MEN are twice as likely as women to upset holiday plans. These are the findings of a survey that found its way into my email inbox while I was away on holiday (without hubby – so any mishaps were entirely own making).
These surveys are ten a penny in my business, and it’s tempting to dismiss them as piffle; the stats offered as “market research”, little more than a thinly disguised puff for some product or service (in this case, bottled water).
But the key assertion that men were more likely to upset the vacation applecart than women rang true with me.
Many a dinner party anecdote has been concocted from the ingredients of my other half’s travel troubles.
Like the time we travelled halfway round the world to Hawaii – and he spent the first week in bed after picking up a nasty virus on the plane.
Or the self-catering holiday to Sardinia, where he hurt his back handling the luggage and was bed-bound for the first five days, leaving me and our two-year-old in a tiny village and at the mercy of feral dogs and a shop that kept very unpredictable opening hours.
Before you judge me too cruel, after all illness and injury could befall any one of us on vacation, let me tell you about our trip to Grenoble.
We’d flown to the French city with plans of hiring a car and touring the Alps. Cue our first night in bed and instead of whispering sweet nothings into my ear, my beloved was confessing how he’d forgotten his driving licence.
Then there was the time we’d flown back from Amsterdam into Leeds/Bradford. It wasn’t until we got home and my hubby placed the luggage he’d collected from the carousel on the hall floor that I realised he’d picked up the wrong bag.
A call to the airport later, and we were informed the owner lived in Doncaster, was desperate to have the bag returned because it was packed with Dutch cheese. Moreover, I couldn’t get our bag back until we had delivered the cheese-filled one to its rightful owner in Donny.

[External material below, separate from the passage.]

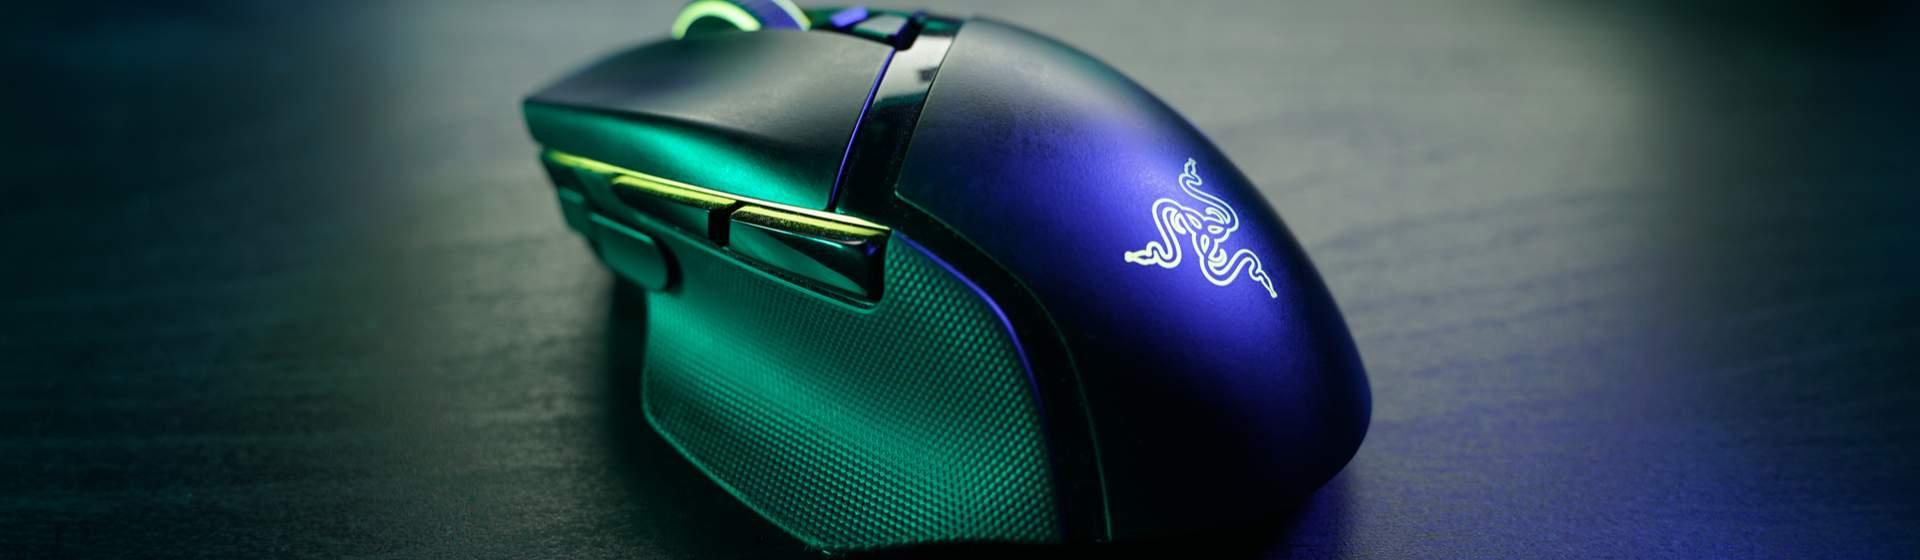 Melhor mouse Razer: 10 opções para comprar em 2021

Memorable too was the weekend camping in the Lake District. The forecast was for heavy rain, so I suggested we abandon the idea. But I was over-ruled with the assurance it would be fine “as long as we got the tent up while it was dry”. This happened, then the heavens opened – and didn’t close for the next few days, forcing us to abandon camp and scurry home, sodden and scowling.
Of course, worse things than this happen to people on holiday. In Family Fortunes-style, the survey found the most common mishaps suffered by Brits abroad were, in first place: transport problems; in second place: the hotel wasn’t right; in third place: lost luggage; in fourth place: visit to hospital and in fifth place: getting food poisoning. Five per cent of people surveyed said their holiday mishap involved splitting up with their partner – which is probably the sort of break few of us have in mind when planning the annual getaway.
SORRY is the last thing I feel for the not-so-poor folk who bid thousands for Olympic tickets and still don’t know if they have a seat for the first round of handball or the men’s 100 metre final.
So much for the people’s games – more than 250,000 people who bid for tickets have got nothing.
The bidding system favoured the rich; people like insolvency practitioner Stephen Hunt who applied for £36,000 worth of tickets and ended up with a clutch amounting to £11,000.
Those who missed out have been promised first bite at the remaining tickets after the June 24 deadline.
Chances are though, the best seats at the most popular events will have been snapped up.
Not exactly a great example of British fair play.